Exclude Group type bit MUST be ignored if bit 5 is not set.
o Reserved bits MUST be set to 0.
The Flags field assists in distributing IGMP Membership Report of a
given host for a given multicast route. The version bits help
associate IGMP version of receivers participating within the EVPN
domain. The include/exclude bit helps in creating filters for a
given multicast route.
If route is being prepared for IPv6 (MLD) then bit 7 indicates
support for MLD version 1. The second least significant bit, bit 6
indicates support for MLD version 2. Since there is no MLD version
3, in case of IPv6 route third least significant bit MUST be 0. In
case of IPv6 route, the fourth least significant bit MUST be ignored
if bit 6 is not set.
9.2.1. Constructing the Multicast Membership Report Synch Route
This section describes the procedures used to construct the IGMP
Membership Report Synch route.
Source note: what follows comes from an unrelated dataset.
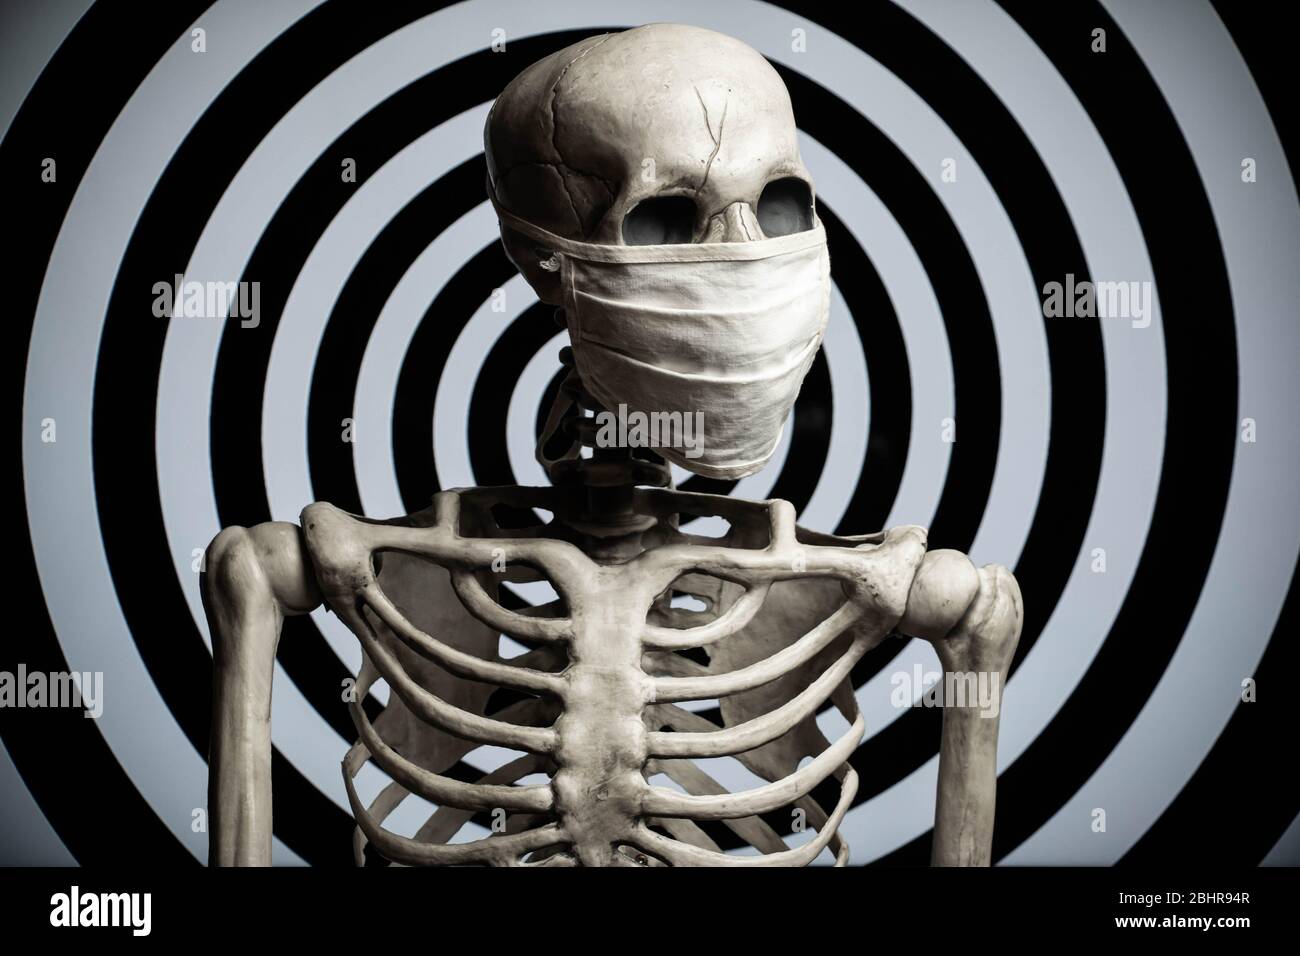 A skeleton wearing a cloth medical face mask in front of a hypnotic spiral background. Conspiracy or confusion over the covid-19 coronavirus pandemic. Stock Photo

Support for these route types is
optional. If a PE does not support this route, then it MUST NOT
indicate that it supports 'IGMP proxy' in the Multicast Flag extended
community for the EVIs corresponding to its multi-homed Ethernet
Segments (ESs).
An IGMP Membership Report Synch route MUST carry exactly one ES-
Import Route Target extended community, the one that corresponds to
the ES on which the IGMP Membership Report was received. It MUST
also carry exactly one EVI-RT EC, the one that corresponds to the EVI
on which the IGMP Membership Report was received. See Section 9.5
for details on how to encode and construct the EVI-RT EC.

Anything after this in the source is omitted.